Ныне, Шанхай был совсем не таким, как в прошлом году. Положение в Европе становилось все напряженнее, и японцы позволяли себе делать на территории иностранных концессий все, что заблагорассудится. Будущие «соратники» Китая, Англия и Америка, в то время всеми способами старались уберечь свой нейтралитет, причем на практике это означало, что они предоставляли японцам полную свободу действий, лишь бы самим удержаться на этом клочке китайской земли. Джон Булль вел себя как теленок, а дядю Сэма следовало бы переименовать в дядю Шэма[148]. Те же, кого Маркс метко назвал «голосистыми французскими петухами», делали то, что подобает делать петухам — кукарекали, обратившись к востоку. Жаль только, что флаг с изображением солнца они принимали за само восходящее светило. Американцы целыми пароходами отправляли железный лом для японских заводов, англичане подумывали о закрытии китайско-бирманской дороги. Французы, — хотя официально они не закрыли границу между Китаем и Вьетнамом, — задерживали на ней китайские военные грузы. Цены взвились вверх, как праведник на небеса. Работники городских служб постоянно бастовали, на трамваи и автобусы впору было, как в отелях, вешать таблички «мест нет». Оставалось пересылать людей разве что по почте — так необходимые для этого почтовые марки из-за исчезновения медных денег стали использоваться в качестве разменной монеты.

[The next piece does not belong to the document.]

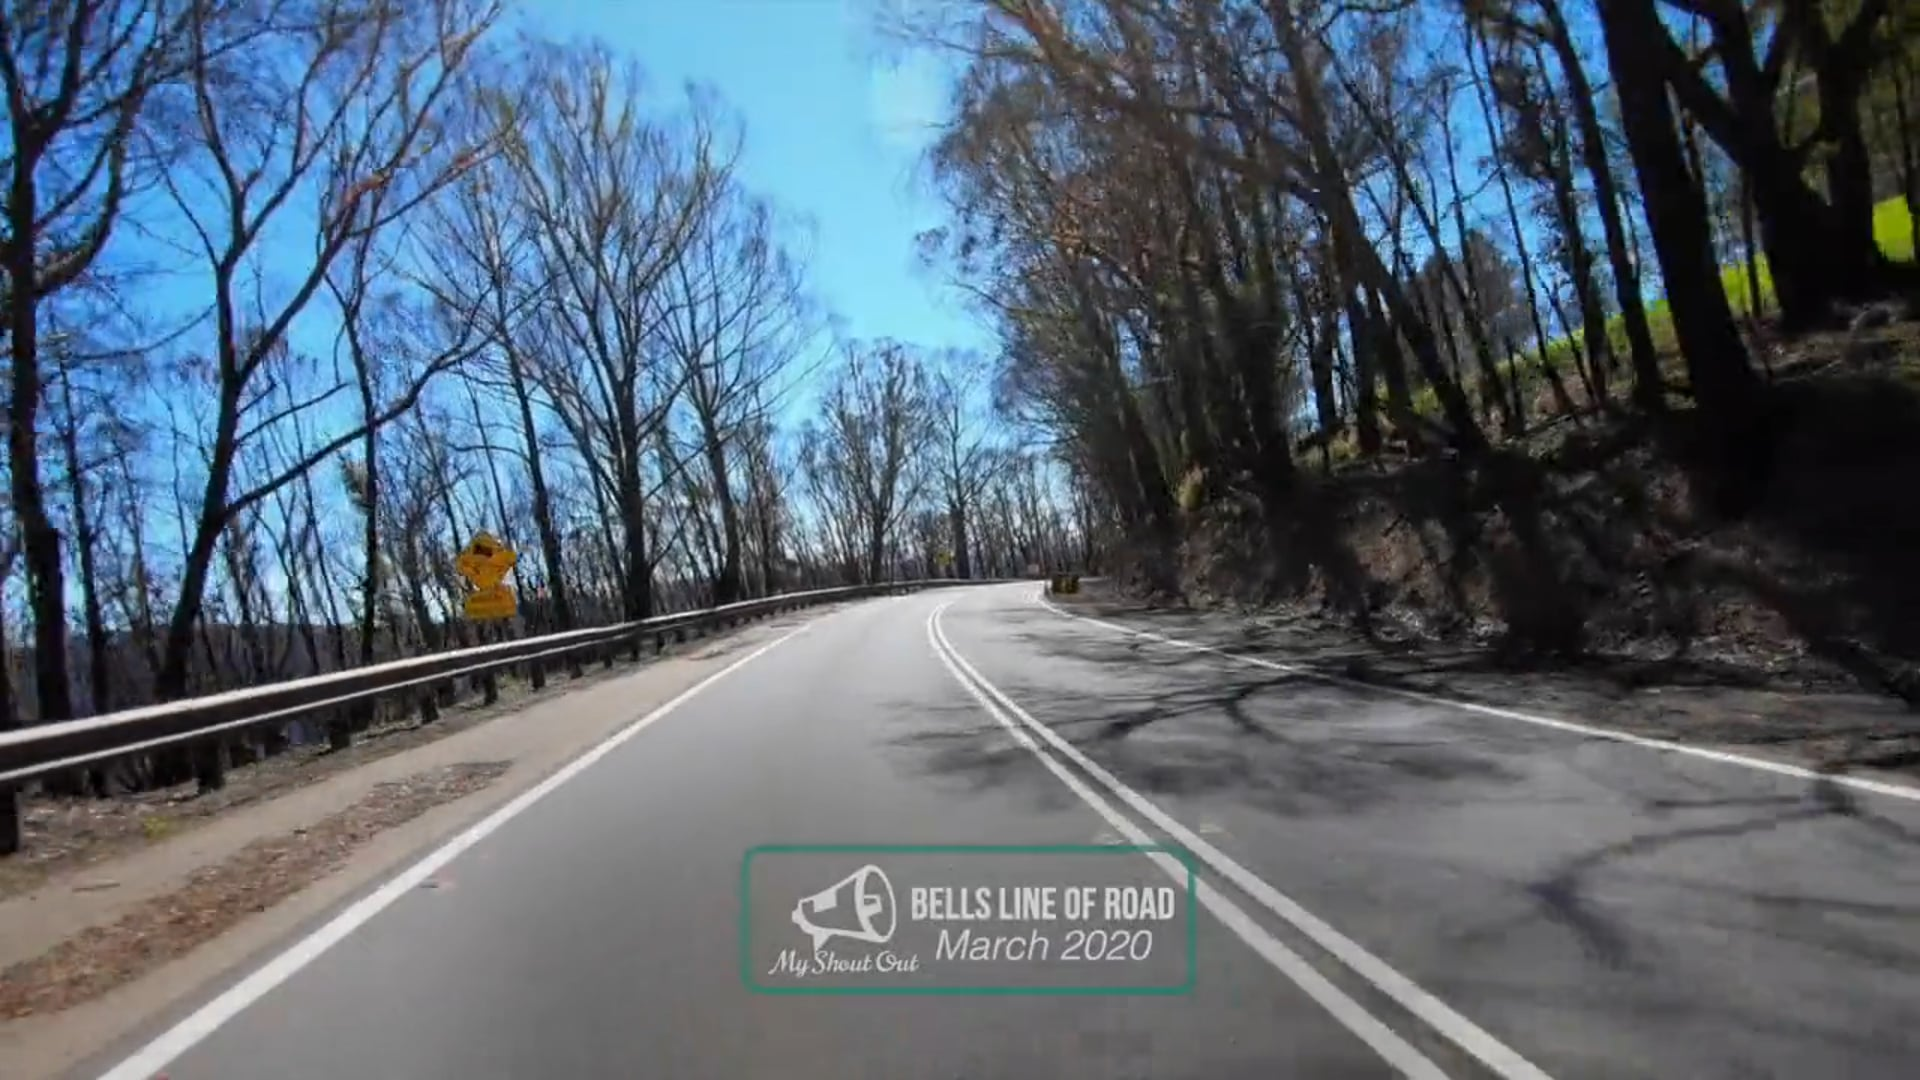 Drive Through Bells Line of Road - Bilpin

Борьба за существование сорвала с себя маску и всякую косметику — предстала в своем первобытном виде. Совесть для многих стала не по карману. Выросло число банкротов и нуворишей, нажившихся на бедствиях страны. Но эти две категории людей не соприкасались друг с другом: нищие просили милостыню на тротуарах, они не могли попасть за ограды вилл, не могли остановить обтекаемые лимузины. Районы трущоб все разрастались — казалось, лицо города покрывается струпьями. Чуть ли не каждый день совершались акты политического террора. Патриотам приходилось уходить в подполье, как прячется под землю транспорт в западных столицах. Но там, в подполье, к ним из корыстных соображений примазывались разные непонятные существа — не то люди, не то черви. В газетах, ратовавших за «мир между Китаем и Японией», печатались списки новых «миролюбцев»; правда, в других газетах эти предатели заявляли, будто «не занимаются политикой».
На пятый день по прибытии Хунцзянь отправился к редактору Китайско-Американского агентства печати. Синьмэй письмом из Гонконга позаботился об этой встрече. Не желая прибегать к посредничеству тестя, Хунцзянь один подошел к большому зданию, в котором на третьем этаже размещалось агентство. Табличка на лестничной клетке предупреждала, что до четвертого этажа лифт не останавливается. Один поэт танской эпохи советовал тем, кто хочет видеть на тысячу ли, подняться на следующий ярус башни. Фан помнил эти строки, но совету не последовал, а пошел вверх по лестнице. А вот горьких слов Данте о том, как тяжелы для просителя ступени в чужом доме, он не знал. После двух этажей он перетрусил и всей душой пожелал, чтобы эта лестница подольше не кончалась, дала ему время прийти в себя.